Keras Applications Accuracy Calculation#
Introduction#
In this tutorial, our goal is to compare the performance of Keras models on the MXA accelerator versus a CPU. We will be using models from Keras Applications .
Note
The MXA accelerator has on-chip memory, so it currently supports only models with fewer than 40 million parameters.
This tutorial assumes a four-chip solution is correctly connected.
Download & Run
Download
This tutorial provides a high-level overview of the application’s key components. To run the full application, download the complete code package and the compiled DFP. After downloading, refer to the Run section below for step-by-step instructions.
Run
Install Requirements
Before running the application, ensure the following dependencies are installed:
pip install opencv-python==4.11.0.86
Run Command
If you do not have the dataset downloaded, please run the following script first.
chmod +x get_imagenet_valdata.sh
To run the application, you can choose to execute one of the following commands:
python keras_accuracy.py --model_name 'MobileNet' --num_images 10 # Use the MobileNet model to calculate accuracy on 10 images
python keras_accuracy.py --model_name 'ResNet50' --backend 'mxa' --dfp 'ResNet50.dfp' # Calculate accuracy using the resnet model on the entire dataset while providing a path to an existing dfp file
python keras_accuracy.py --model_name 'MobileNet' --num_images 100 --backend 'cpu' # Calculate accuracy using 100 images and the mobilenet model on a cpu backend
1. ImageNet Dataset Information#
We will use the ImageNet Large Scale Visual Recognition Challenge 2012 (ILSVRC2012) dataset. Follow the instructions at this link to download and examine the data.
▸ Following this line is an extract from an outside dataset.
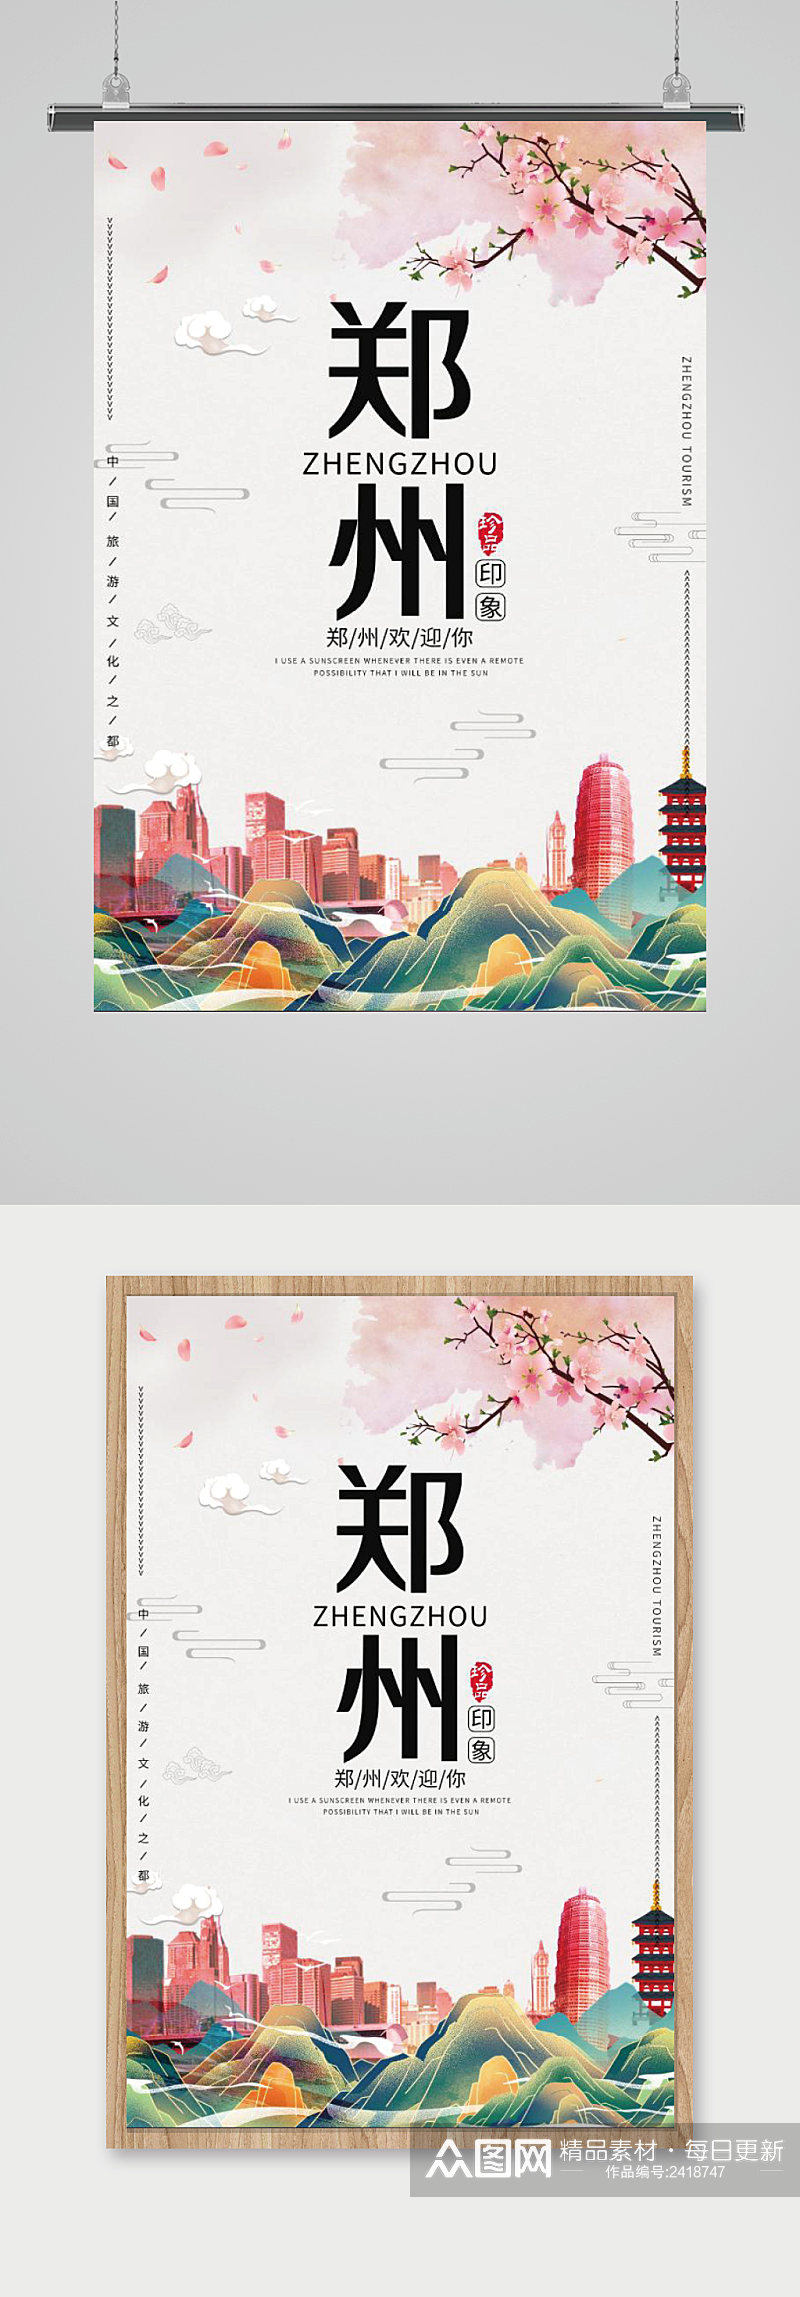 灰色国潮风郑州印象旅游文化宣传海报素材

Once the data is downloaded, you can run the following code to count the number of images:
ls -1 *.JPEG 2>/dev/null | wc -l # Should return 50000
2. Understanding the Code#
Let’s walk through some key functions to understand how data is loaded, processed, and then passed to the model to generate predictions. We will also cover how predictions are processed before calculating accuracy.
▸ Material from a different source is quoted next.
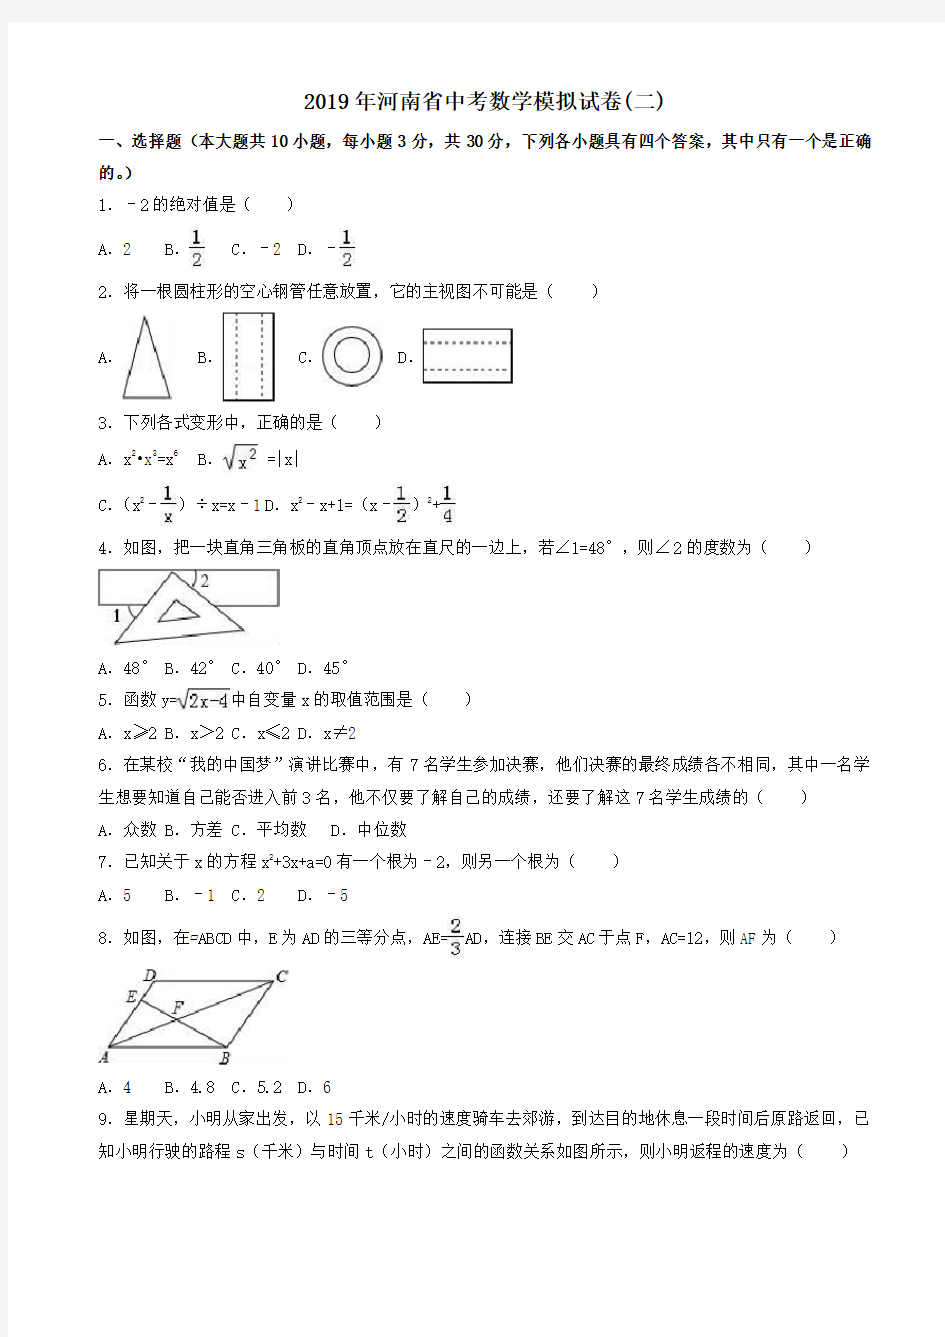 【真题】2019年河南省中考数学模拟试卷(二)(有答案)

2.1 Image Loading and Preprocessing#
Hint
We use the OpenCV library to load JPEG images. You can install it using:
pip install opencv-python==4.11.0.86
The following Python code loads and preprocesses the images into numpy arrays for inference:
class ImageBatchIterator:
"""
The ImageBatchIterator class contains functions that reads images in batchs from the Imagenet dataset and processes them before sending it to the
model for inference. The functions are especially useful while running inference on the CPU.
"""
def __init__(self, image_paths, batch_size, image_height, image_width, module):
self.image_paths = image_paths
self.batch_size = batch_size
self.index = 0
self.total_images = len(image_paths)
self.image_height = image_height
self.image_width = image_width
self.module = module
def __iter__(self):
return self
def __next__(self):
if self.index >= self.total_images:
raise StopIteration
# Get the current batch of image paths
batch_paths = self.image_paths[self.index : self.index + self.batch_size]
batch_images = []
# Load and preprocess each image in the batch
for img_path in batch_paths:
image_string = tf.io.read_file(img_path)
image = tf.image.decode_jpeg(image_string, channels=3)
# Resize and Center Crop (https://github.com/keras-team/keras/issues/15822#issuecomment-1027178496)
size = self.image_height
h, w = tf.shape(image)[0], tf.shape(image)[1]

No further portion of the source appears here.